Perdagangan antarpulau, kekayaan, dan pengaruh politik rupanya lebih diperhatikan oleh
sunan di Giri daripada hidup saleh secara Islam dn mempelajari ilmu agama.
Giri Kedaton atau Kerajaan Giri berlangsung selama 200 tahun. Sesudah Sunan
Giri meninggal dunia beliau digantikan anak keturunannya yaitu:
1. Sunan Dalem
2. Sunan Sedomargi
3. Sunan Giri Prapen
4. Sunan Kawis Guwa
5. Panembahan Ageng Giri
6. Panembahan Mas Witana Sideng Rana
7. Pangeran Singonegoro (bukan keturunan Sunan Giri
8. Pengeran Singosari
Pangeran Singosari ini berjuang gigih mempertahankan diri dari serbuan Sunan
Amangkurat II yang dibantu oleh VOC dan Kapten Jonker. Sesudah pangeran Singosari
wafat pada tahun 1679, habislah kekuasaan Giri Kedaton. Meski demikian kharisma
Sunan Giri sebagai ulama besar wali terkemuka tetap abadi sepanjang masa.

E. SUNAN AMPEL
1. Asal usul sunan ampel (Maulana Malik Ibrahim)

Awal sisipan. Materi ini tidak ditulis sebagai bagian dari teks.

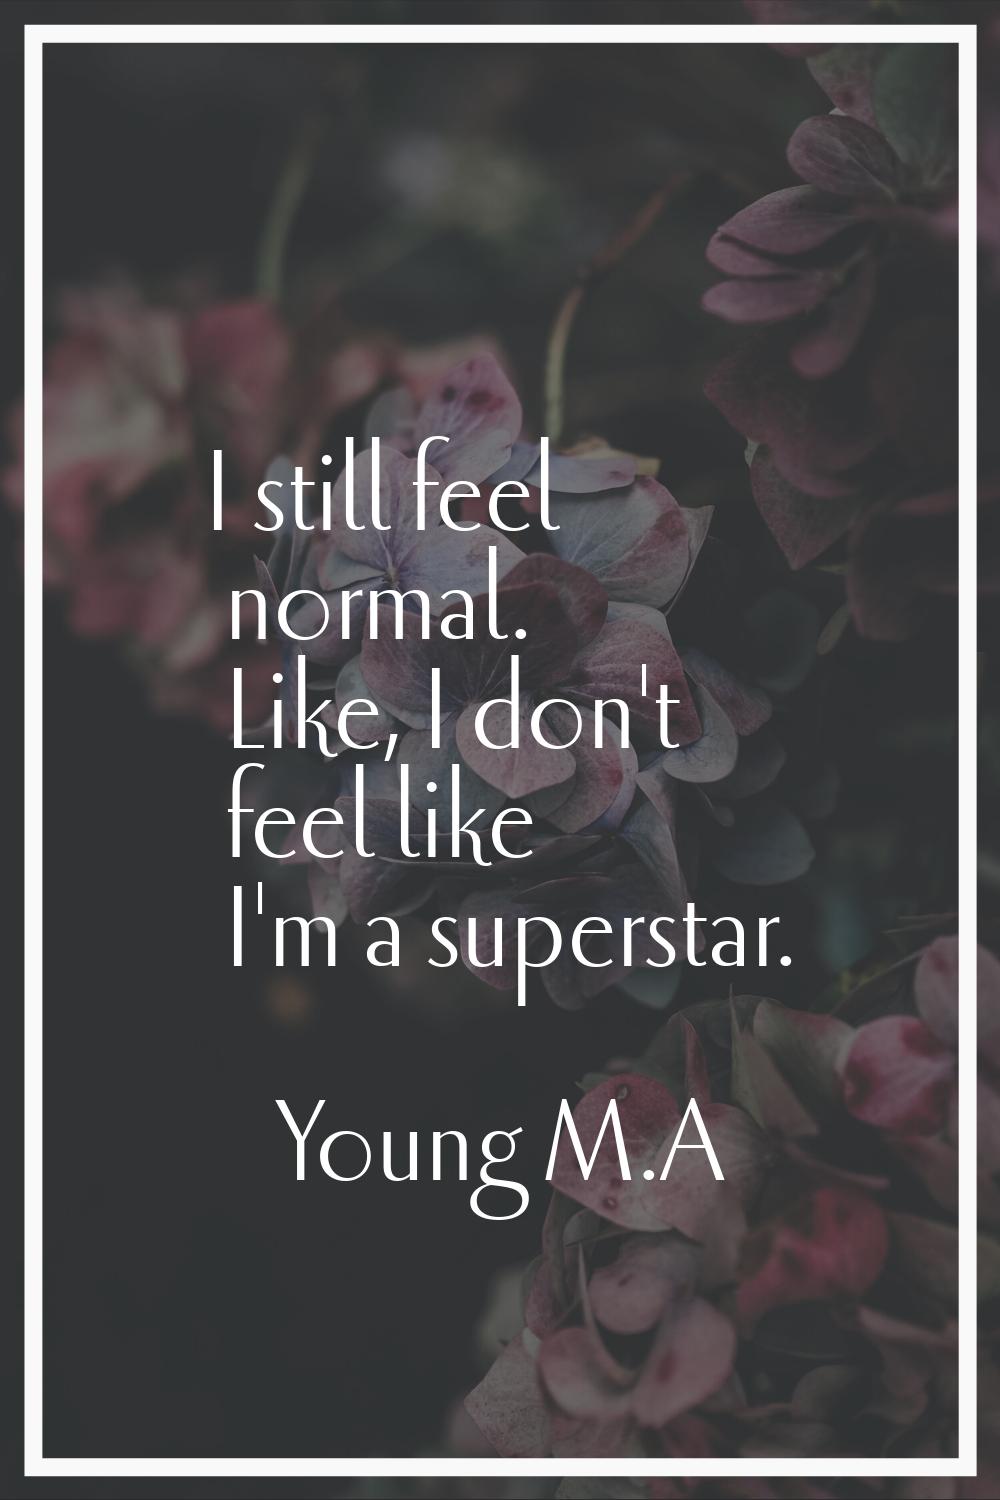 I still feel normal. Like, I don't feel like I'm a superstar.
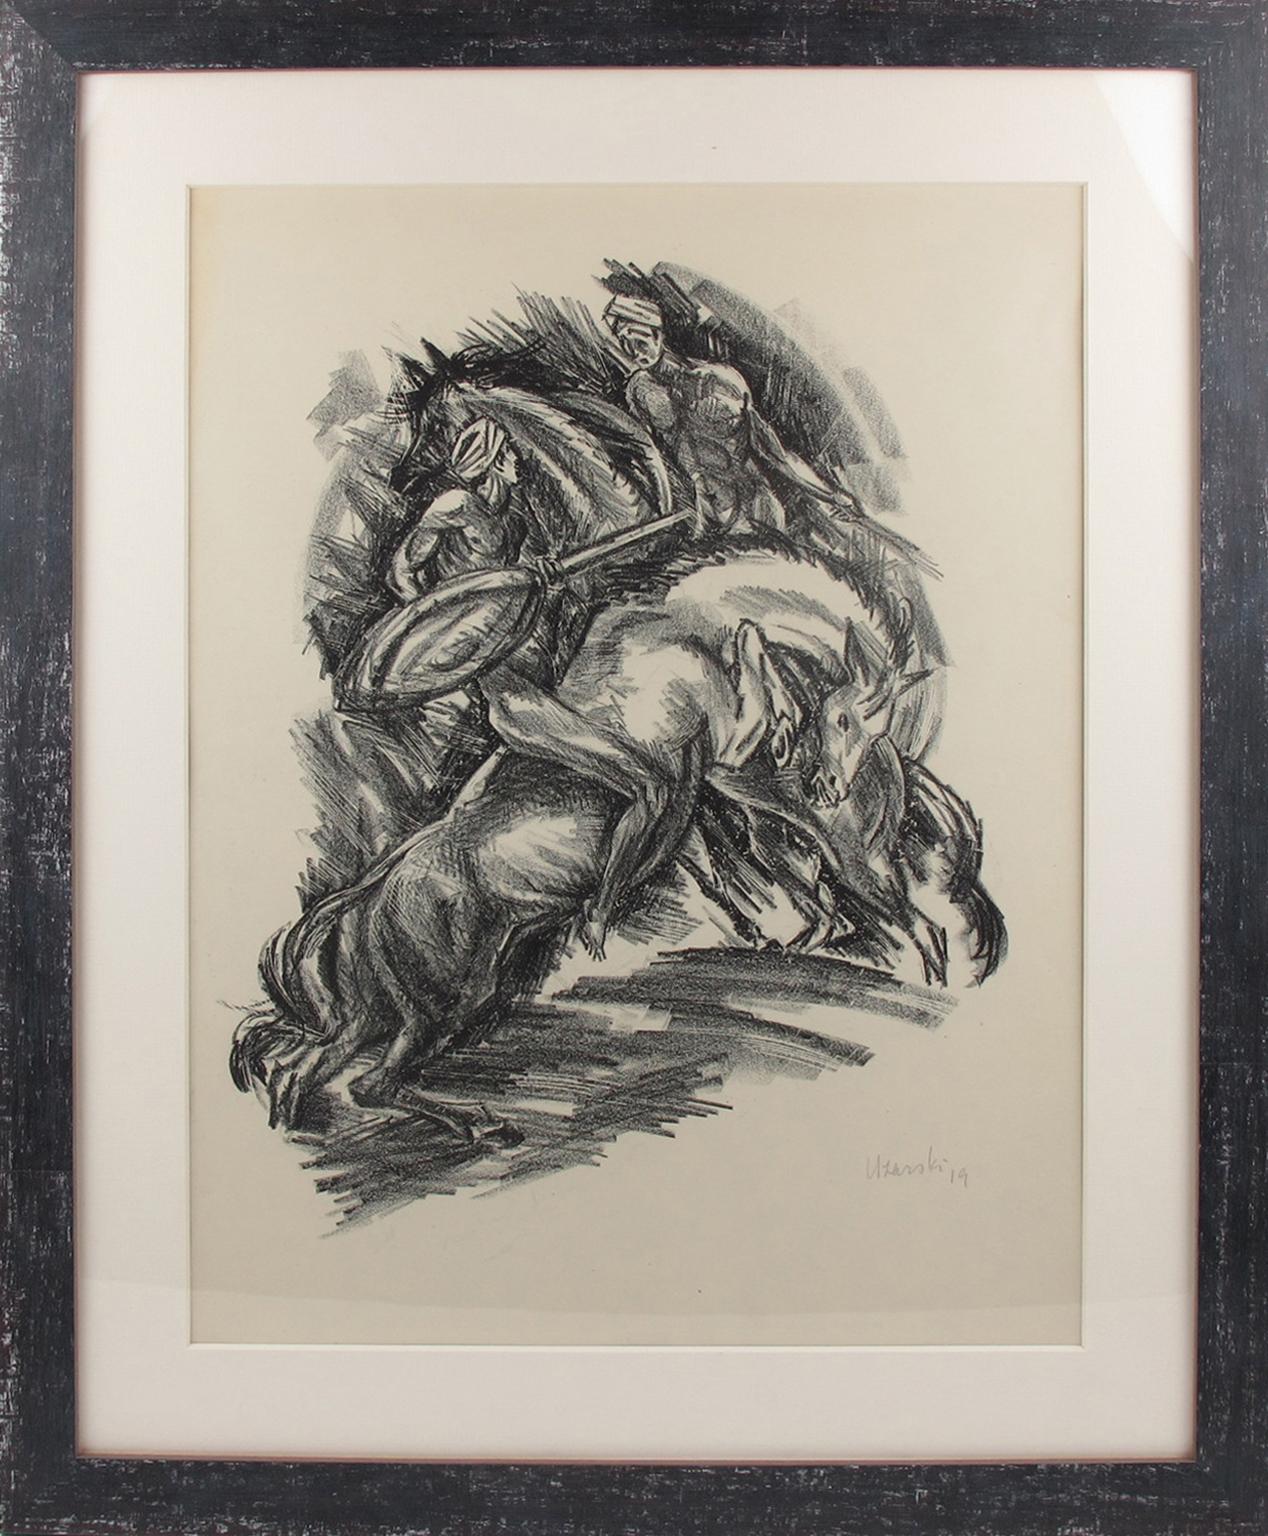 L'artiste allemand Adolf Uzarski (1885 - 1970) a conçu cette étonnante lithographie sur papier, dessinée au fusain, représentant deux cavaliers dans une danse ou un combat sauvage. Ce dessin fait partie d'un ensemble de cinq lithographies réalisées

Di Rusia selatan ada sebuah daerah yang disebut Bukhara. Bukhara ini terletak di
Samarqand. Sejak dahulu daerah yang disebut Bukhara. Bukhara ini terletak di
Samarqand. Sejak dahulu daerah Samarqand dikenal sebagai daerah Islam yang
menelorkan ulama-ulama besar seperti sarjana hadist terkenal yaitu Imam Bukhari yang
mashur sebagai perawi hadits sahih.
Di Samarqand ini ada seorang ulama besar bernama Syekh jamalluddin Jumadil
Kubra, seorang Ahlussunnah bermahzab Syafi’i, beliau mempunyai seorang putra
bernama Ibrahim. Karena berasal dari Samarqand maka Ibrahim kemudian mendapat
tambahan Samarqandi. Orang jawa sangat sukar mengucapkan Samarqandi maka mereka
hanya menyebutkan sebagai Syekh Ibrahim Asmarakandi.
Syekh Ibrahim Asmarakandi ini diperintah oleh ayahnya yaitu Syekh Jamalluddin
Jumadil Kubra untuk berda’wah ke negara-negara Asia. Perintah ini dilaksanakan, dan
beliau kemudian diambil menantu oleh raja Cempa, dijodohkan dengan putri raja Cempa
yang bernama Dewi Candrawulan.
Negeri Cempa ini menurut sebagian ahli sejarah terletak di Muangthai. Dari
perkawinannya dengan Dewi Candrawulan maka Ibrahim Asmarakandi mendapat dua
orang putra yaitu Raden Rahmat atau Sayyid Ali Rahmatullah dan raden Santri atau
Sayyid Alim Murtolo. Sedangkan adik Dewi Candrawulan yang bernama Dewi
Dwarawati diperistri oleh Prabu Brawijaya Majapahit. Dengan demikian Raden Rahmat
itu keponakan Ratu Majapahit dan tergolong putra bangsawan atau pangeran kerajaan.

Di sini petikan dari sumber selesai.